*** Opening Records provided ***

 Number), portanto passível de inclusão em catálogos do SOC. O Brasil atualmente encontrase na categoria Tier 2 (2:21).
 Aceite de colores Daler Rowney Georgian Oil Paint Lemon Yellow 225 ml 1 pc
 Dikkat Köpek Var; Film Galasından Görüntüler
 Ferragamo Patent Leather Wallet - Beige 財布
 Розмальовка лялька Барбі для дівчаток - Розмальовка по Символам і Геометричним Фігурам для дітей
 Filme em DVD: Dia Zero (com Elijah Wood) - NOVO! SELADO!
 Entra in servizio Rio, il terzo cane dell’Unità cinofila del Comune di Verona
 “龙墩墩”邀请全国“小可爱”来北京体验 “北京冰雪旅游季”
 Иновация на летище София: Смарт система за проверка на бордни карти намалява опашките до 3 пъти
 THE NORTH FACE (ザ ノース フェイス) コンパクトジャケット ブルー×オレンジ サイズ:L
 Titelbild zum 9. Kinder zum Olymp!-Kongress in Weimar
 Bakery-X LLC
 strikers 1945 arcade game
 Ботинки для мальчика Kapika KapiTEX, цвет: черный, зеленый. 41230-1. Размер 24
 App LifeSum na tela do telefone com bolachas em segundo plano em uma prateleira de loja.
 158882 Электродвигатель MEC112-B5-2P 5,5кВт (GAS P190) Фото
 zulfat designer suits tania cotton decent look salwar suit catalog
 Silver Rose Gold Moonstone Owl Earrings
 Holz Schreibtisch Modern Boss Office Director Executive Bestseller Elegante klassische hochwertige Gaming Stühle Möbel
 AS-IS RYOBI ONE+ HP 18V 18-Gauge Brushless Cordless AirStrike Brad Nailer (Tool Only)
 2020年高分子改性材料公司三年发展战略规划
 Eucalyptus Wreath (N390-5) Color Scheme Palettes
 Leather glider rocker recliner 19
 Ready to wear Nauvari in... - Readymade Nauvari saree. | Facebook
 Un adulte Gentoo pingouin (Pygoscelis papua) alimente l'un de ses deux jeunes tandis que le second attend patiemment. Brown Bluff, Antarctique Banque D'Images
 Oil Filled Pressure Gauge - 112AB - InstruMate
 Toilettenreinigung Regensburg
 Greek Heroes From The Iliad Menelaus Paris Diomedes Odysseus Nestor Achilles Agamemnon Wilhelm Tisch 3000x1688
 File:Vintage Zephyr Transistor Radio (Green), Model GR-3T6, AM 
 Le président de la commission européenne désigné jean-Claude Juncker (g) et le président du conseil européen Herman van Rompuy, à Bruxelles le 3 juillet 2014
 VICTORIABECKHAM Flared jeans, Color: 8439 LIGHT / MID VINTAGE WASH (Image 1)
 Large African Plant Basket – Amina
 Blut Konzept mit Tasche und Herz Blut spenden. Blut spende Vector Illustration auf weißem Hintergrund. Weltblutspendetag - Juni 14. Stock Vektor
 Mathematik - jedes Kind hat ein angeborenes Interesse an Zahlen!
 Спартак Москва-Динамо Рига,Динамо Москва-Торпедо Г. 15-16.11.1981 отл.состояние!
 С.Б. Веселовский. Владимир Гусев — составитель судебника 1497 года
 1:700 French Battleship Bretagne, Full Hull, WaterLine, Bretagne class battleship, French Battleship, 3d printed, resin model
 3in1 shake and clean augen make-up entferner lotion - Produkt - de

*** Closing Records provided ***

Description of the task —
For the word "Leather", count the lines of the records that contain it and give only the number.

Task response —
2